With everything happening in the world these days, it’s easy to lose faith in humanity. Scroll through your newsfeed and it’s enough to make you sprint back to bed and pull the covers tightly over your head. But there’s also a lot of good in the world, and much of it doesn’t get the spotlight it deserves.

Given this, I was delighted this past week to do my part to help spread the good word as moderator of a panel on “Harnessing the Value of Creativity for Good” at the WORLDZ conference in Long Beach, California. Joining me on stage was an all-star group of do-gooders: Thomas Kimber, co-founder of Karün, an eyewear company whose purpose is to inspire the world into reflecting on the question “What would the world look like if we understood that we are all nature?”; Kath Koschel, a former professional cricketer and Iron Man competitor who founded Kindness Factory after a series of devastating life occurrences; Bob McKnight, co-founder and former CEO and Chairman of the (surf)Board at Quiksilver; and Ryan Cummins, co-founder of Omaze.com, a platform that’s revolutionized charitable fundraising.
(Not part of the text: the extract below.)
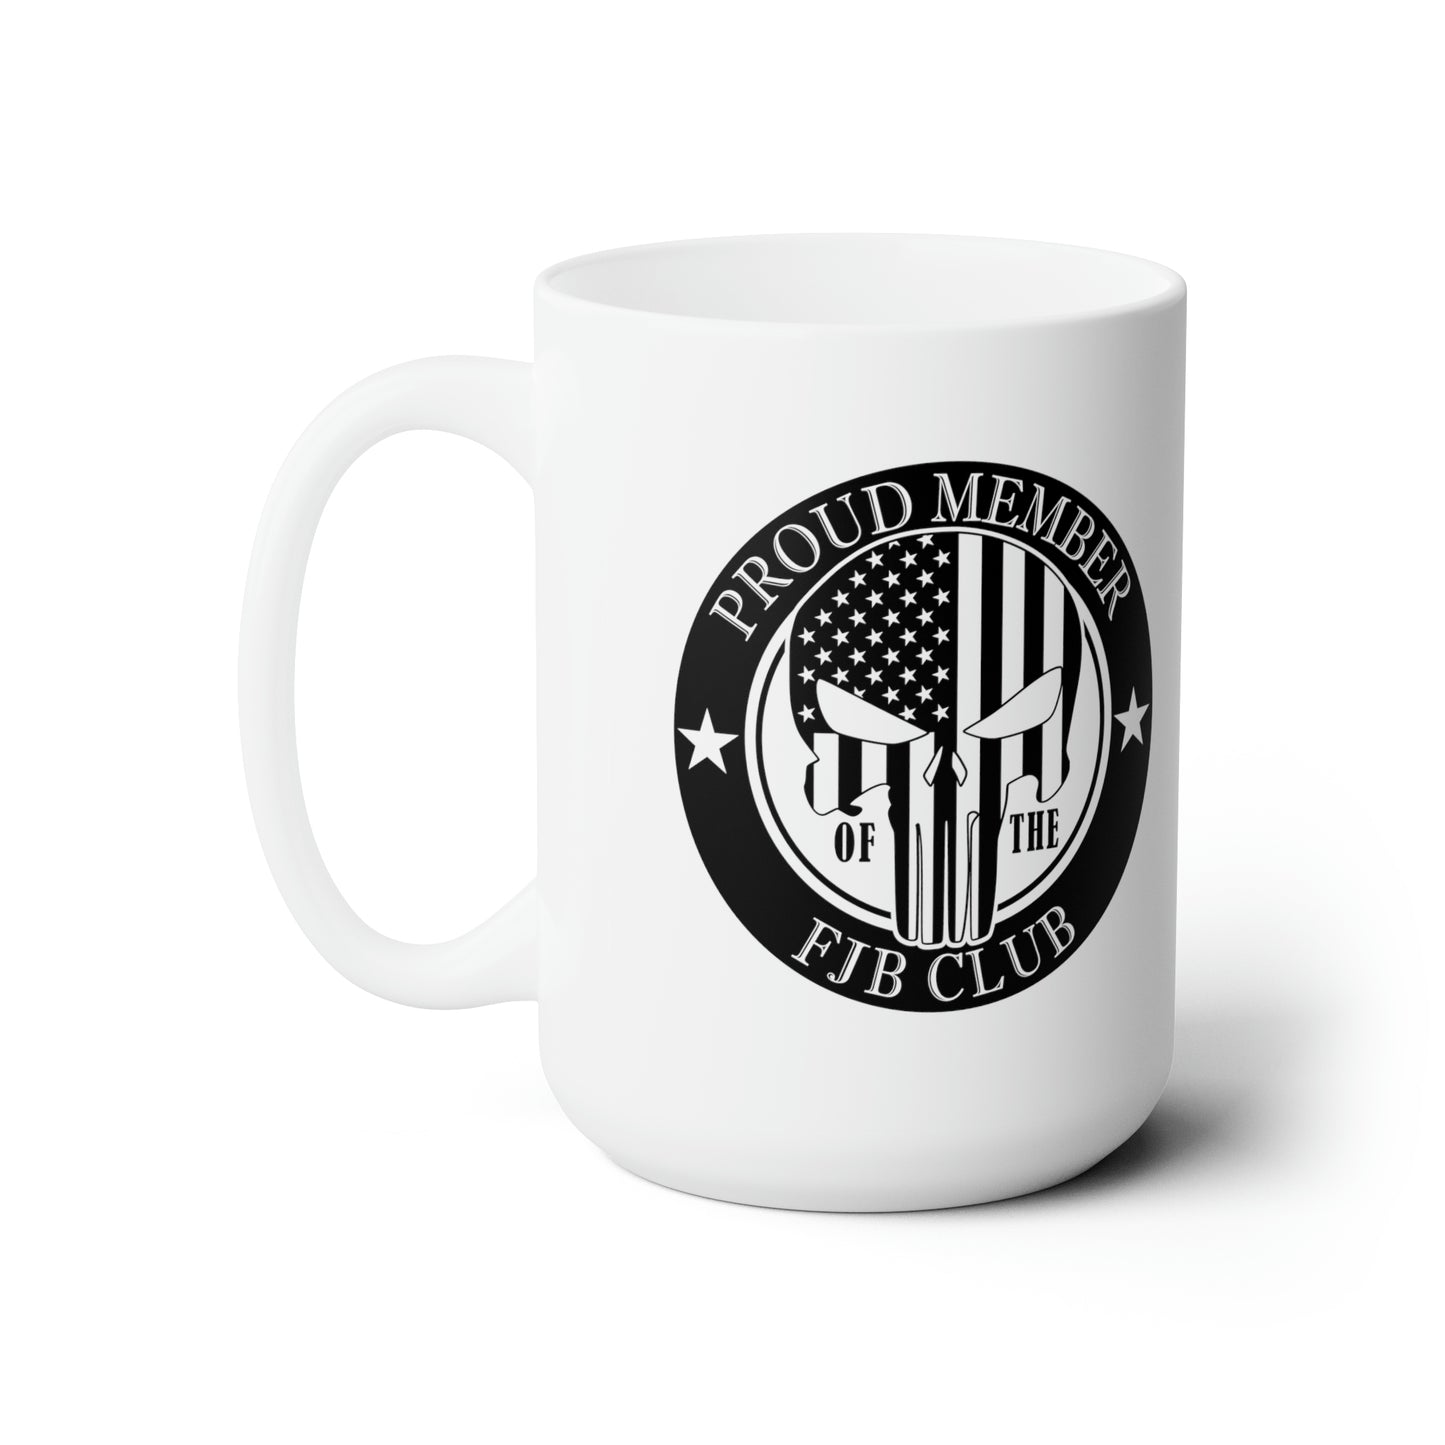 FJB Club Coffee Mug For Conservative Coffee Lovers Cup For MAGA Gift Idea

As you can imagine, the conversation was rich with inspiration. After I set the mood by sharing Edelman’s wonderful work for the WNBA, I gave each panelist time to shine. Thomas discussed how using recycled fishing nets and reclaimed wood from the beaches and forests of Chilean Patagonia ensures that Karün is as much about environmental harmony as it is about fashion. Kath talked about how even with breaking her back twice and suffering the loss of her partner to suicide, she found great comfort in the generosity of others, and is putting that back into the world through a million acts of kindness.

Bob shared his passion for protecting the oceans and mountains through Quiksilver’s support of important initiatives like the Seven Crossings Project, a 200-mile paddle by Jamie Mitchell designed to raise awareness of the delicate oceanic balance. And last but certainly not least, Ryan discussed how Omaze enables extraordinary human experiences and how that is the real currency of life.

There was not an open seat to be had at this session and appropriately so. In a world struggling to address important environmental and social justice issues, consumers are looking for businesses to stand up for what’s right and will support ones that reflect their own values. Luckily, we have people like Thomas, Kath, Bob and Ryan to make a real difference in the world by applying creative thinking to solve difficult challenges. And for that, we should all feel really, really good.

Andrew Simon is chief creative officer, Canada.